— Я очень ждала, когда вы приедете! Я соскучилась, мамочка, и я вела себя хорошо, чтобы тебя не расстраивать.
Тяну к ней руку, накрывая маленькую головку ладонью. Глажу темные волосы, пропуская пряди через пальцы, дрожу от немыслимого адреналина. Я чувствую её. Вижу. А ведь я была близка к тому, чтобы всё это потерять. Только от одной такой мысли становится страшно!
— Я так рада, что тебе уже лучше!
Смотрит на мою ногу, горько всхлипывая.
— Очень больно?
— Нет-нет, маленькая моя, я в порядке, — пытаюсь не зареветь навзрыд. До чего же добрый ребёнок… Вера всегда была такой — ласковой, понимающей. Она редко канючила, тем более, капризничала. Окружающие зовут её золотым ребёнком, а воспитатели в садике часто хвалили дочь, ставя её другим в пример.
— Дядя Влад, вы сдержали слово! — неожиданно обращается она к Власову с умным видом. — Можете просить у меня, что хотите.
На что Влад лишь хмыкает, приподнимая уголок губ.
— Твоя мама устала, ей нужен отдых. Она ещё не совсем выздоровела. Покажешь нам её комнату?
Верочка хлопает в ладоши.
— Конечно покажу! Мы с Алёной Павловной вместе навели там порядок, я тоже помогала.
— Моя помощница…
— Здравствуйте. Меня зовут Алёна, мы вас ждали, — из-за угла соседней комнаты появляется незнакомая женщина с приятными чертами лица, зрелого возраста. На ней светло-серое вязаное платье и жёлтый передник в горох. Награждает меня улыбкой, жестом показывая, куда надо идти.
— Мы выбрали для вас комнату на первом этаже, из-за вашей травмы.
— А где комната Верочки?
— На втором, рядом со спальней Владимира. Но Влад нечасто здесь будет ночевать, как он мне ранее сообщил.
И к лучшему!
— Очень приятно с вами познакомиться, Алёна Павловна.
— Что вы! Зовите меня просто Алёна, — смеется она. — Вера много о вас говорила, мы все держали за вас кулаки. Молились.
— Я так тронута…
— Хватит уже разговоров, — вдруг грубо вмешивается Влад, — уже поздно, а у меня много дел. Ребёнку тоже пора спать.
Мы все замолкаем и уже идем по коридору с бетонными лицами.
Как же хотелось упрекнуть негодяя, что он не смеет распоряжаться режимом дня моей дочери и другими моментами, касающимися Веры. Но я прикусила язык, вспомнив наш недавний разговор.
Смеет.
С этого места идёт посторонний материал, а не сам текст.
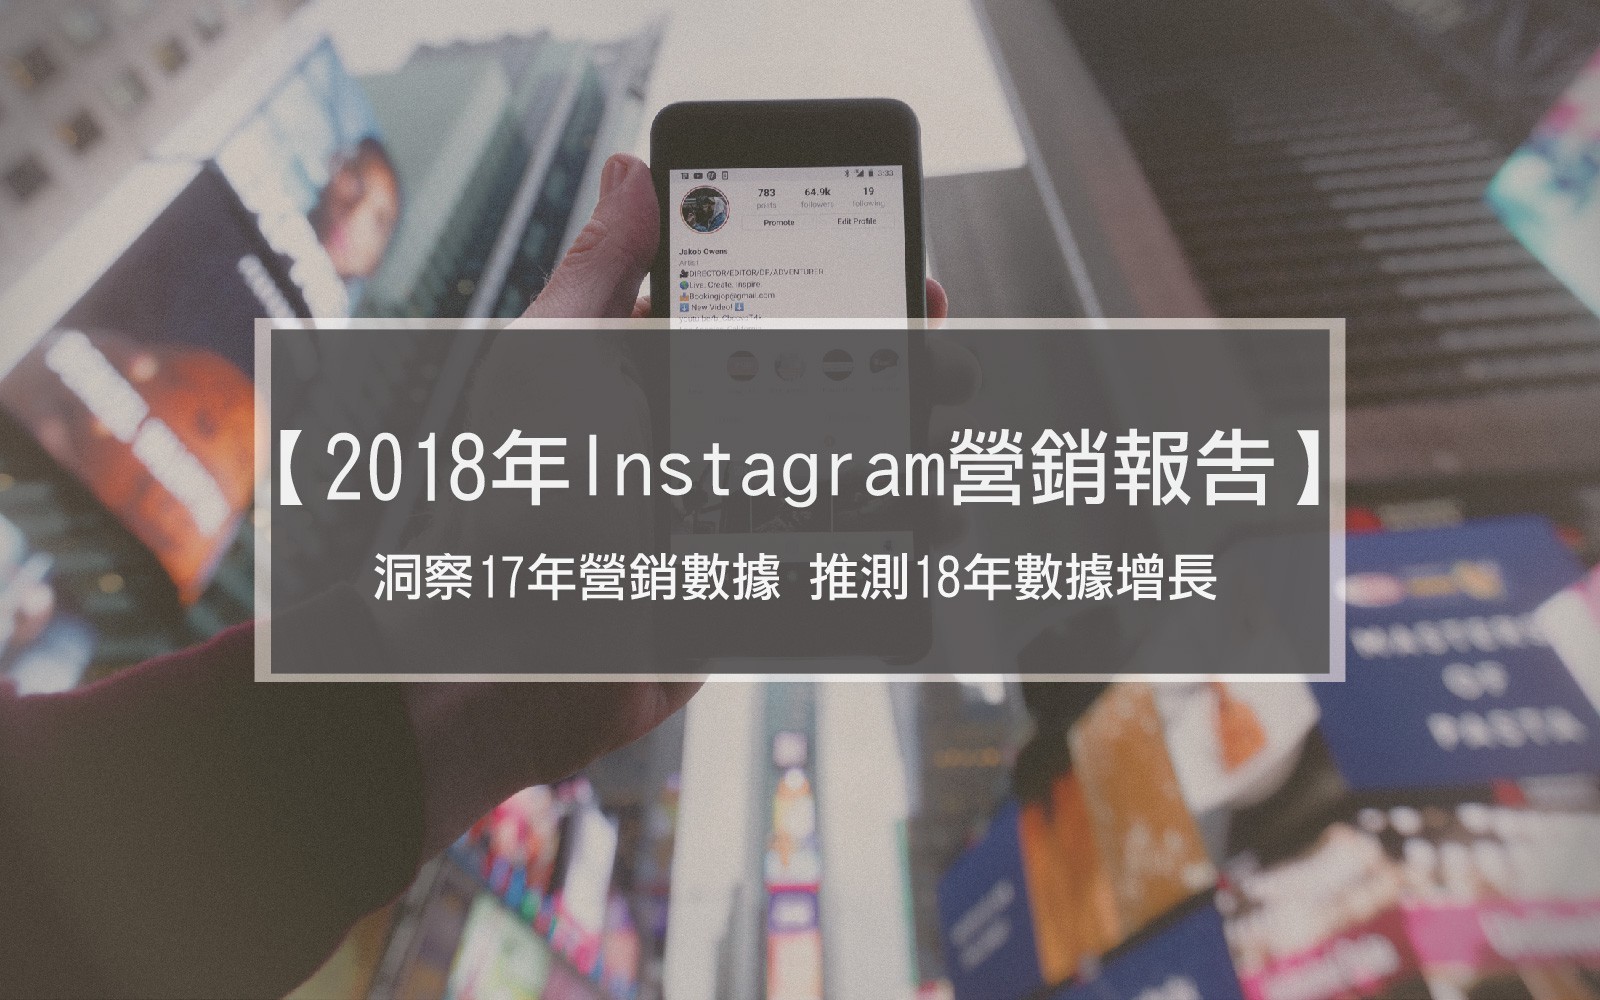 2018年Instagram營銷報告- 洞察17年營銷數據 推測18年數據增長

Теперь уже смеет. Я его должница. Он здесь главный. Сдерживаться будет тяжело…
— Хочу, чтобы Вера ночевала в моей комнате.
Охладил меня опасным взглядом.
— Её комната рядом с моей, на втором этаже. Точка.
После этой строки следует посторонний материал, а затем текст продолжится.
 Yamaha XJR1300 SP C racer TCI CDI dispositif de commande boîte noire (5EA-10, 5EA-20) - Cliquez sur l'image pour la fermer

Сжала с силой пальцы. Надо молчать. Просто молчать. Хотя бы сейчас. Отселил меня от них подальше, как бы намекнул, что я не часть семьи.
Оказываемся в комнате — она небольшая, но уютная в тонах светлой сирени, обставлена комфортной, радующей глаз мебелью.
Влад опускает меня на кровать, его руки соскальзывают с моей талии, оставляя после себя след мурашек, после — пустоту и отчаяние, что он ушёл. В плену его гадких рук было так тепло… а теперь снова стало холодно.
Дурацкое тело нежилось и трепетало от жара крепкой, подтянутой фигуры. Сильной. Надёжной, как сталь. Разумеется, всё это я испытывала поневоле и ненавидела свои неосознанные реакции. Они пробуждали во мне ненавистные чувства. Будоражили и опьяняли. Я никак не могла забыть, каким потрясающим был этот мужчина.
— Смотри, мама, я нарисовала тебе картинки! Вот солнышко… — радостно заявляет Вера, тыча пальчиками в рисунки, развешанные по всей комнате. — Я специально повесила его напротив твоей кровати. Сейчас зима же, на улице холодно, много-много снега, поэтому, чтобы тебе не было грустно, я нарисовала тебе солнышко…
Больше не смогла сдерживаться, по щекам струйки слёз. Господи, это так трогательно… И правда, я заметила, что комната украшена детскими рисунками. Моя малышка нарисовала всё это для меня. Хотела сделать приятно.